Also reorders the Plan tab UI to: Vision · Tasks · Decisions · Ideas
(Ideas moved to bottom — it's the lowest-signal pile).
Made-with: Cursor
Anatomy + UI rewrite — locked the conceptual model after user feedback:
Product = "what makes up the thing you're shipping":
- Codebases (Gitea repos)
- Images (Coolify services backed by upstream Docker images: Twenty
CRM, n8n, etc.)
- Dev containers no longer surface here. The vibn-dev-* container is
the AI's workshop, not a product surface; previews it serves still
appear under Hosting → Previews.
Hosting = "where it lives + how it gets there", unified:
- Live: every running endpoint as one list.
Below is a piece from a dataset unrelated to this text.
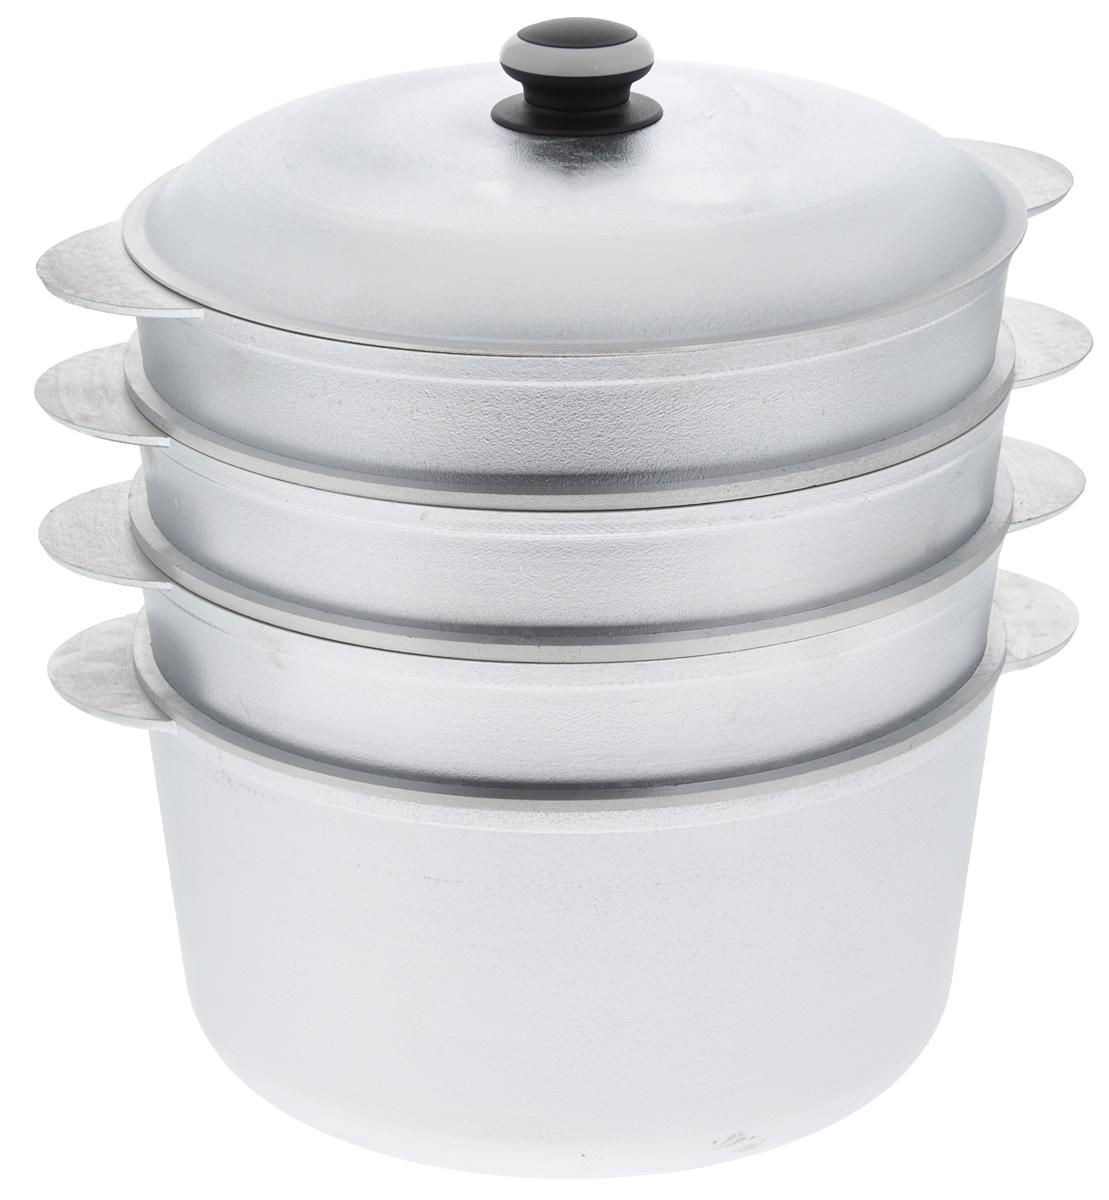 Мантоварка Катюша с крышкой, 3-уровневая, 8 лмк80/3Мантоварка Катюша изготовлена из высококачественного алюминия, что делает посуду износостойкой, прочной и практичной. Глубина уровней изделия, диаметр отверстий и объем специально предназначены для приготовления мантов. В мантоварке также можно готовить и другие блюда: овощи, котлеты или пельмени. Готовить на пару очень просто, продукты не пригорают и не склеиваются, а готовое блюдо выходит рассыпчатым и ароматным. Питательные элементы и витамины не растворяются в воде, а остаются в продуктах. Еда получается не только полезной, но и по-настоящему вкусной. Нижнюю часть манотоварки можно использовать как казан. Казаном принято называть большую кастрюлю толстыми стенками и выпуклым овальным дном. В казане можно приготовить много самых разнообразнейших блюд восточной кухни, но, наверное, самое известное и распространенное блюдо, которое приготавливается в казане, это любимый многими плов. Подходит для газовых и электрических плит. ...

Each item carries a
source badge ("repo" | "image"), status dot, attached domain, and
last-build summary inline. No separate Build, Domains or Services
categories — those are properties on each Live item.
- Previews: dev container preview URLs (unchanged).
Anatomy endpoint reshaped accordingly:
- product.{codebases, images}
- hosting.{live, previews} (was production/services/previewUrls/domains)
- lastBuild summary fetched per repo-app via listApplicationDeployments
in parallel.
ProjectStagePill rewired to derive Live/Down/Building from hosting.live
+ hosting.previews. dev-container-detail.tsx removed.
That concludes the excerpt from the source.